**TASK DESCRIPTION:** Take the lines in the listing below from the line with "Maj. Gen. Michael" up to and including the line with "Remanufactured Axle Assy" and set them down exactly, skipping pictures and adding nothing.

**PROVIDED DATA:**

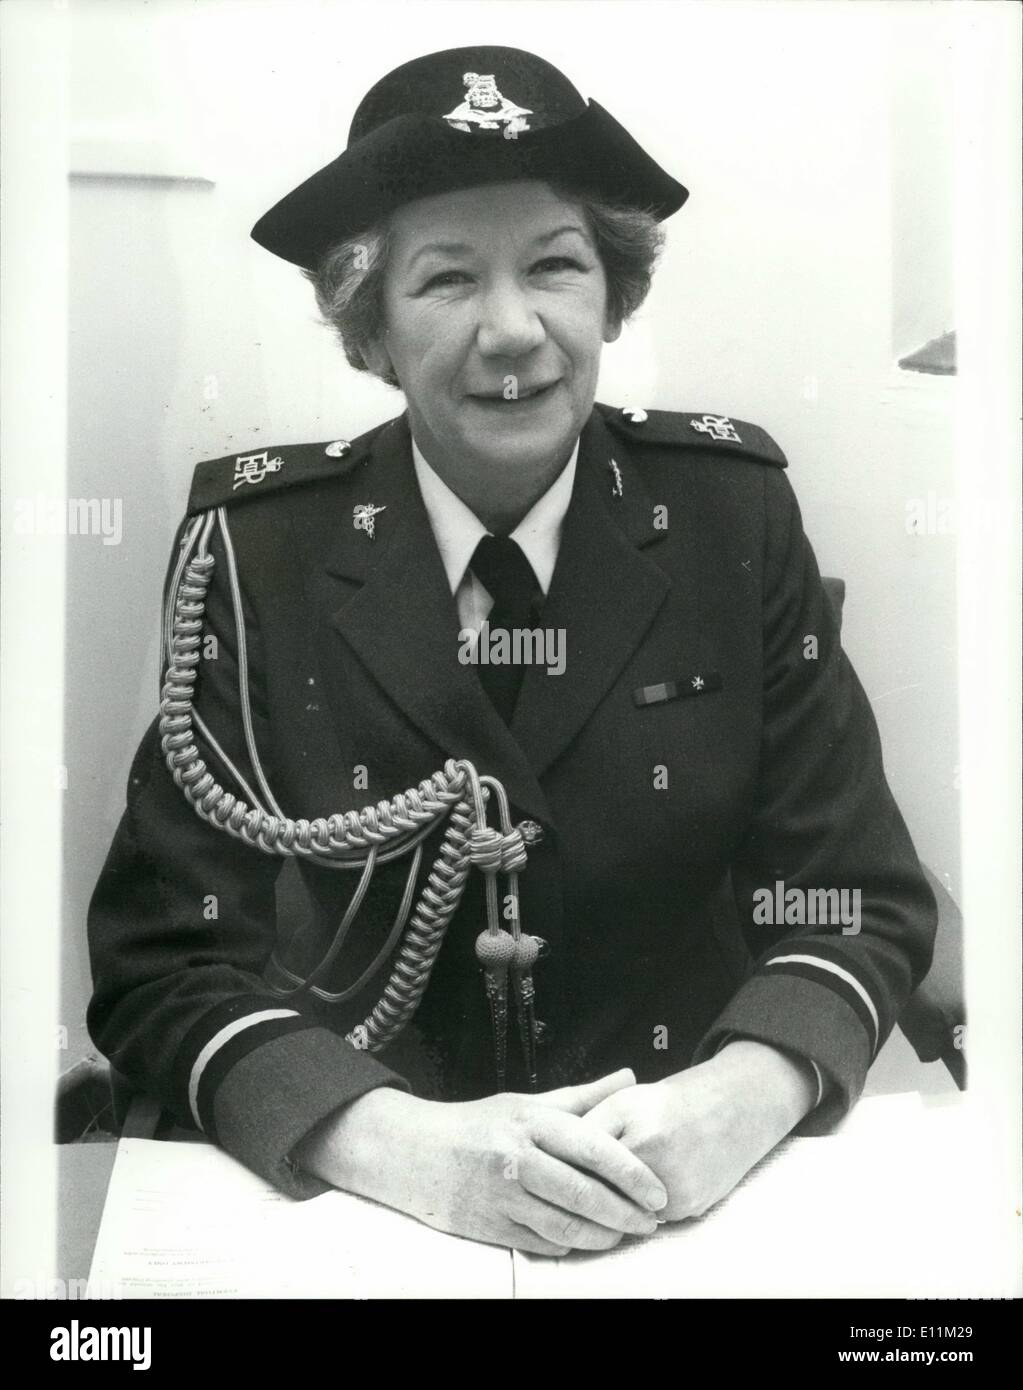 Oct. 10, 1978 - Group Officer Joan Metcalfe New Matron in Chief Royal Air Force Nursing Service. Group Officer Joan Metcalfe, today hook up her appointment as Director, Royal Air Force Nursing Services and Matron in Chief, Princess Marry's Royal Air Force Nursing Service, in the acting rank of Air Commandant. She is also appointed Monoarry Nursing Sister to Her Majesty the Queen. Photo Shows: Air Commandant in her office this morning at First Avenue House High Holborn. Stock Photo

--

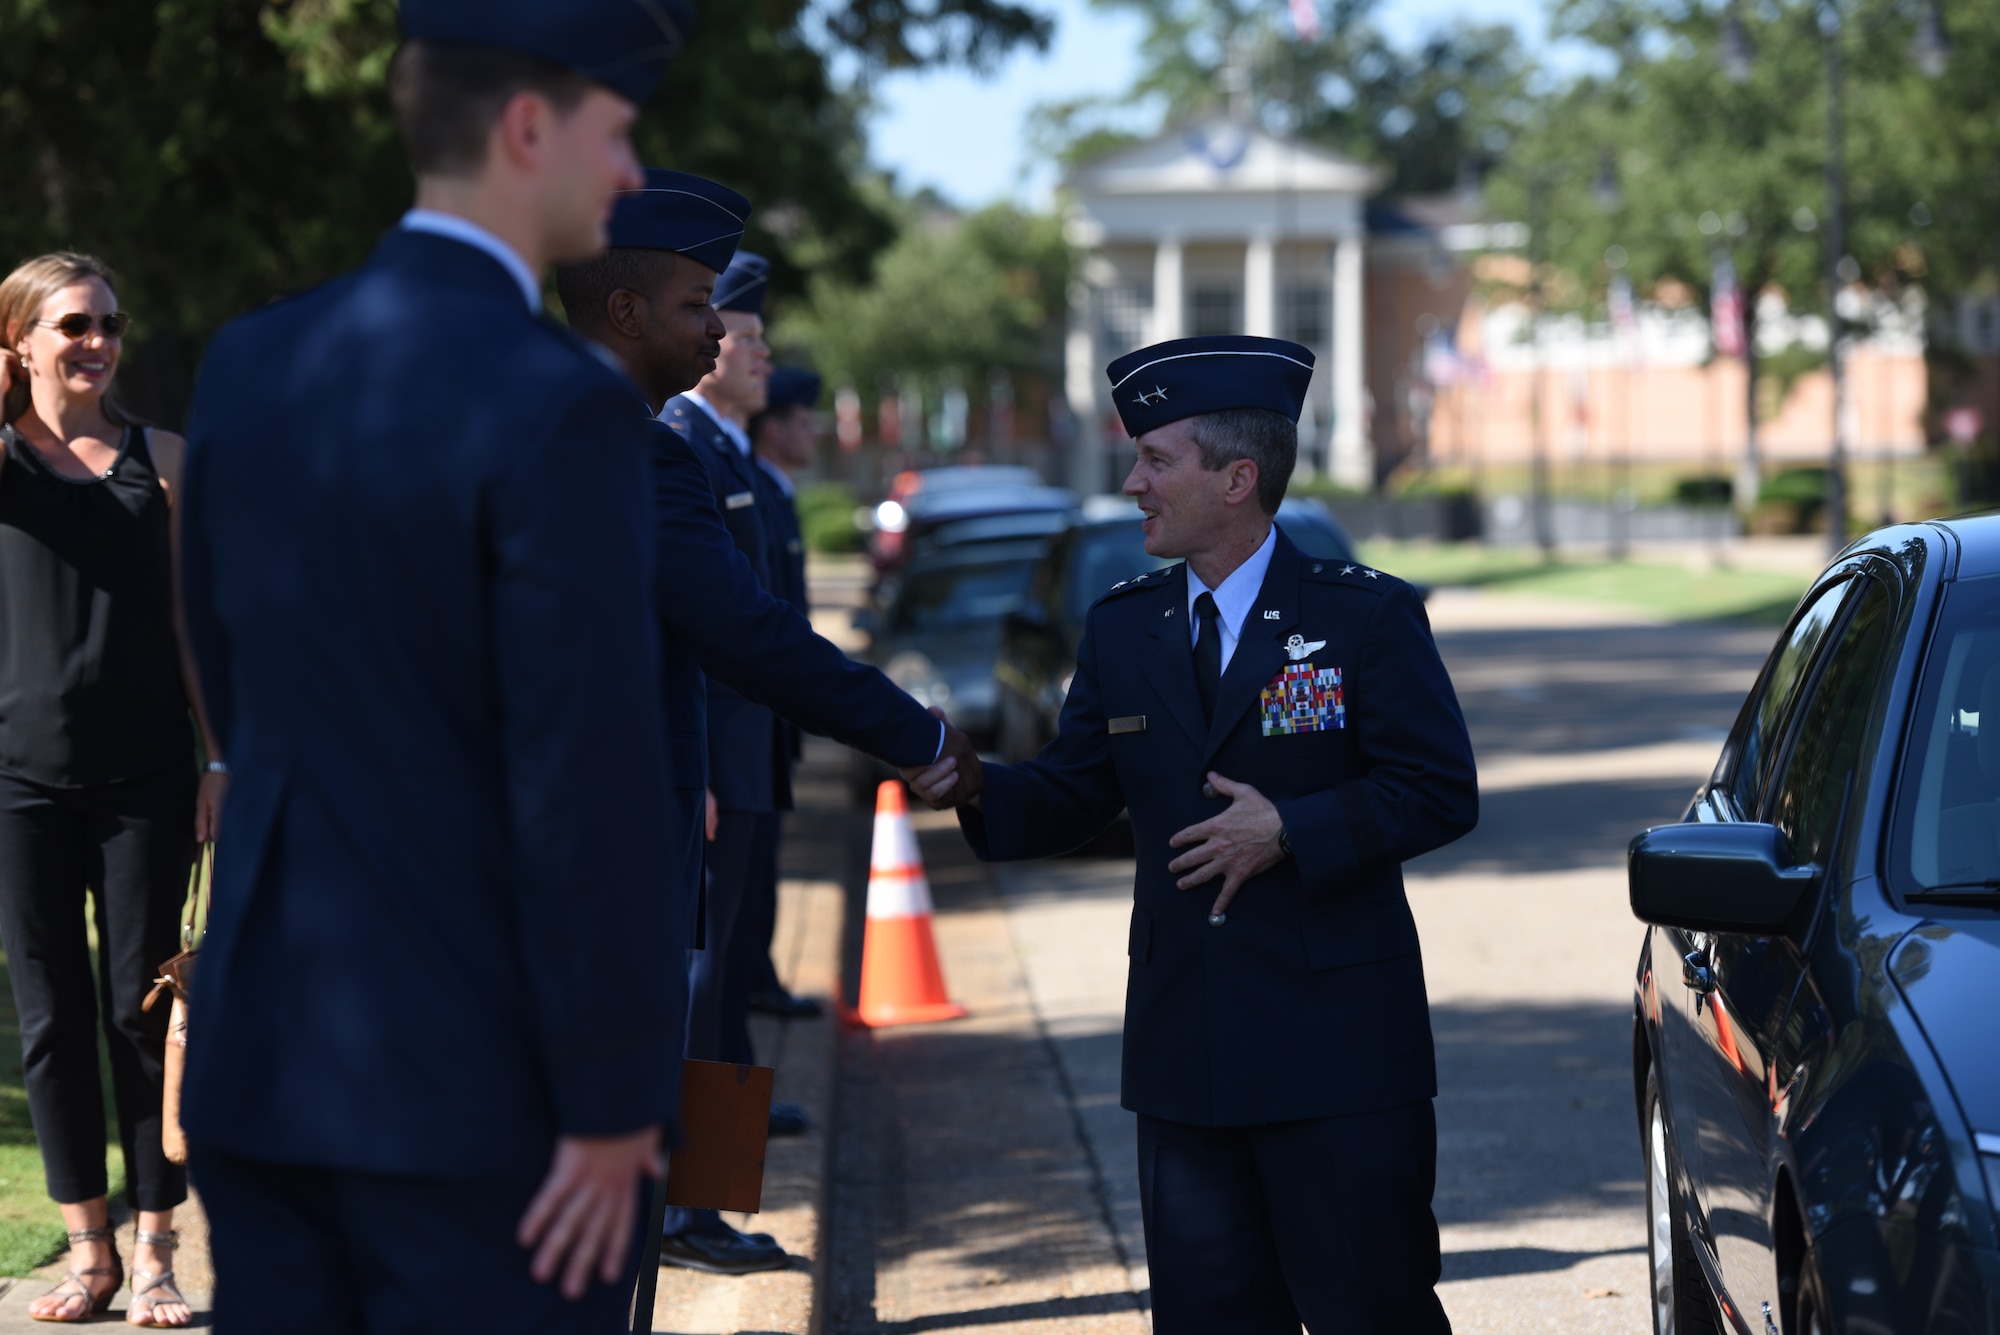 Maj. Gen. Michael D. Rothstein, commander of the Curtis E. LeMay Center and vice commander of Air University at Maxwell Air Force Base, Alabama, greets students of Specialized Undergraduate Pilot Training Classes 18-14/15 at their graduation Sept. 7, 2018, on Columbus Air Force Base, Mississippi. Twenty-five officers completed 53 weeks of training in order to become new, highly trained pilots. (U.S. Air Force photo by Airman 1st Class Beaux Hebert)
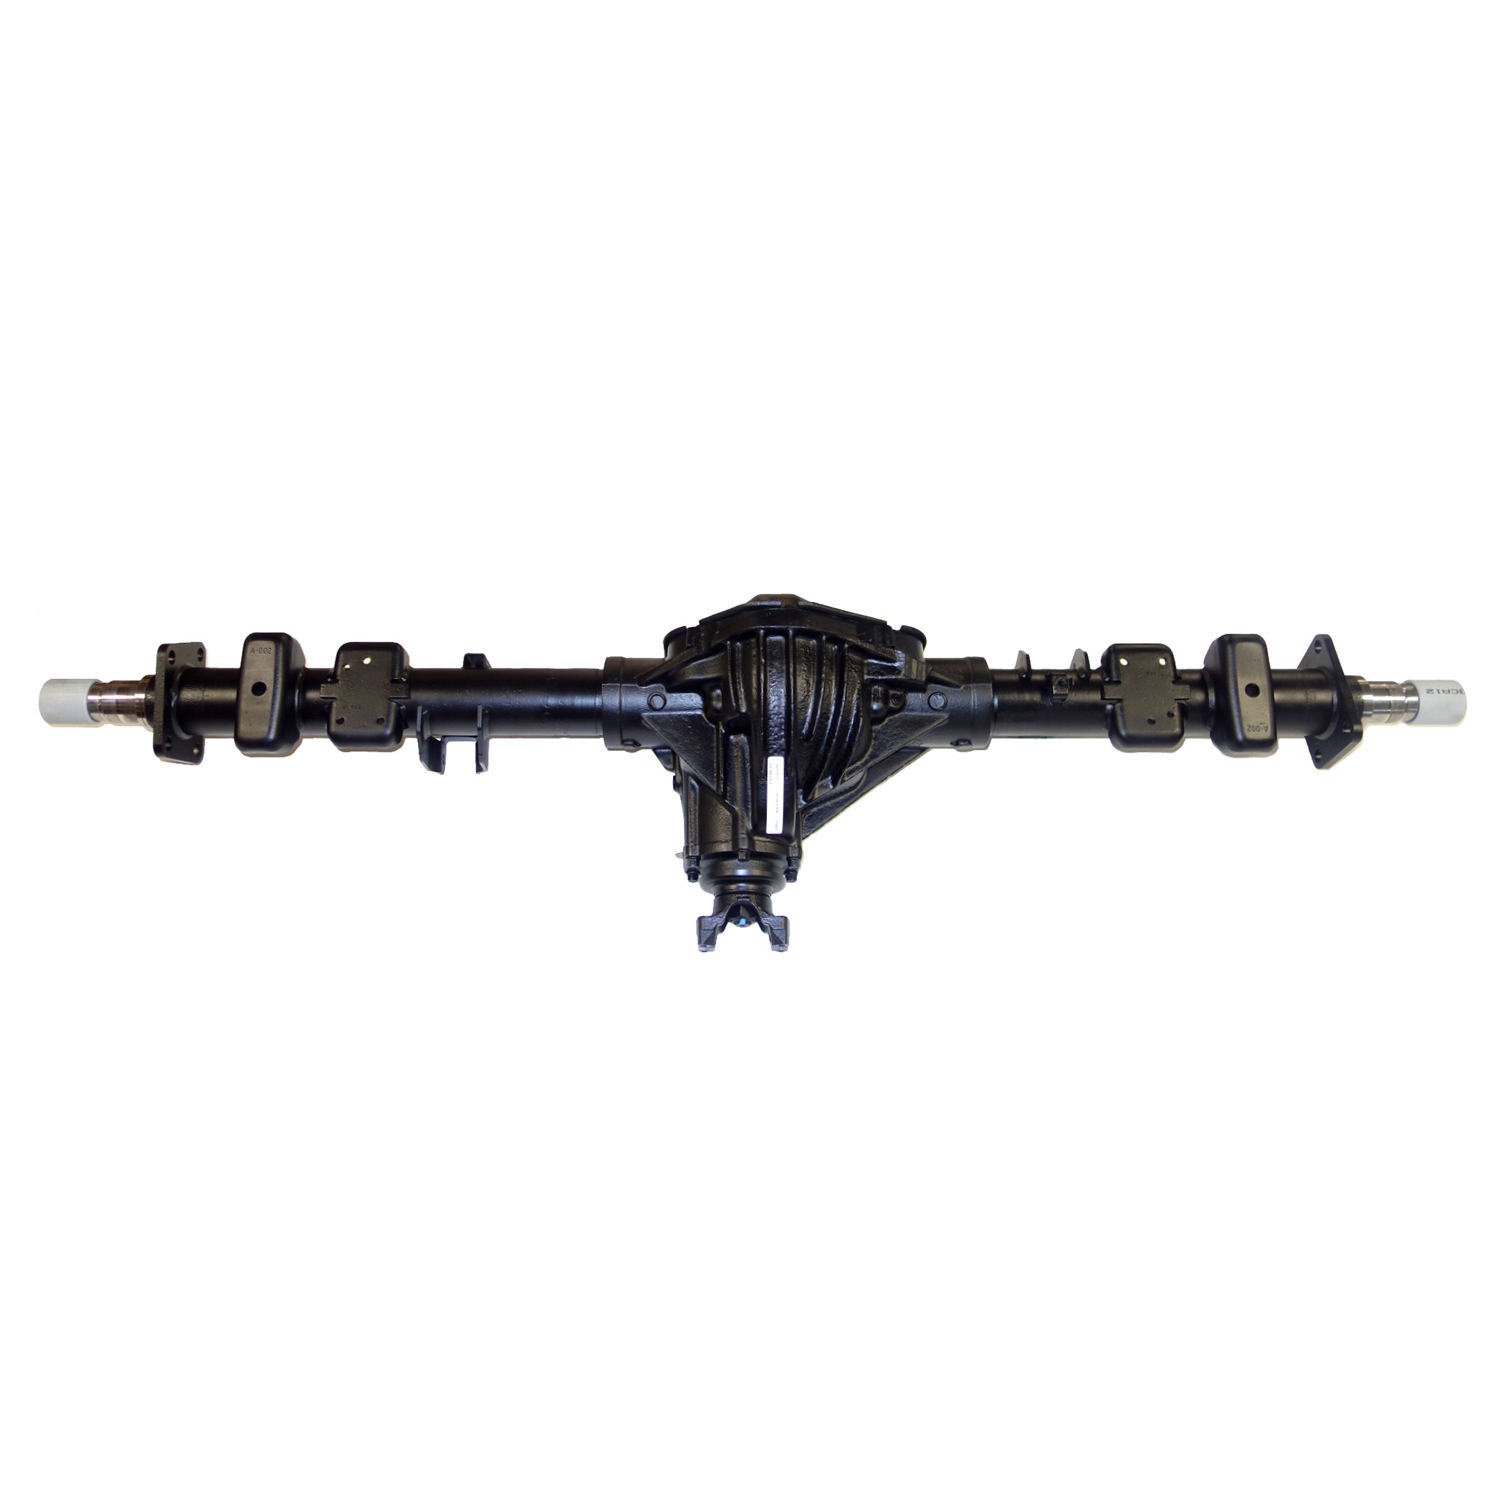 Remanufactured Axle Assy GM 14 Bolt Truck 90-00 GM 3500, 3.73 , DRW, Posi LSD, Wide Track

**WRITTEN REPLY:**
 Maj. Gen. Michael D. Rothstein, commander of the Curtis E. LeMay Center and vice commander of Air University at Maxwell Air Force Base, Alabama, greets students of Specialized Undergraduate Pilot Training Classes 18-14/15 at their graduation Sept. 7, 2018, on Columbus Air Force Base, Mississippi. Twenty-five officers completed 53 weeks of training in order to become new, highly trained pilots. (U.S. Air Force photo by Airman 1st Class Beaux Hebert)
 Remanufactured Axle Assy GM 14 Bolt Truck 90-00 GM 3500, 3.73 , DRW, Posi LSD, Wide Track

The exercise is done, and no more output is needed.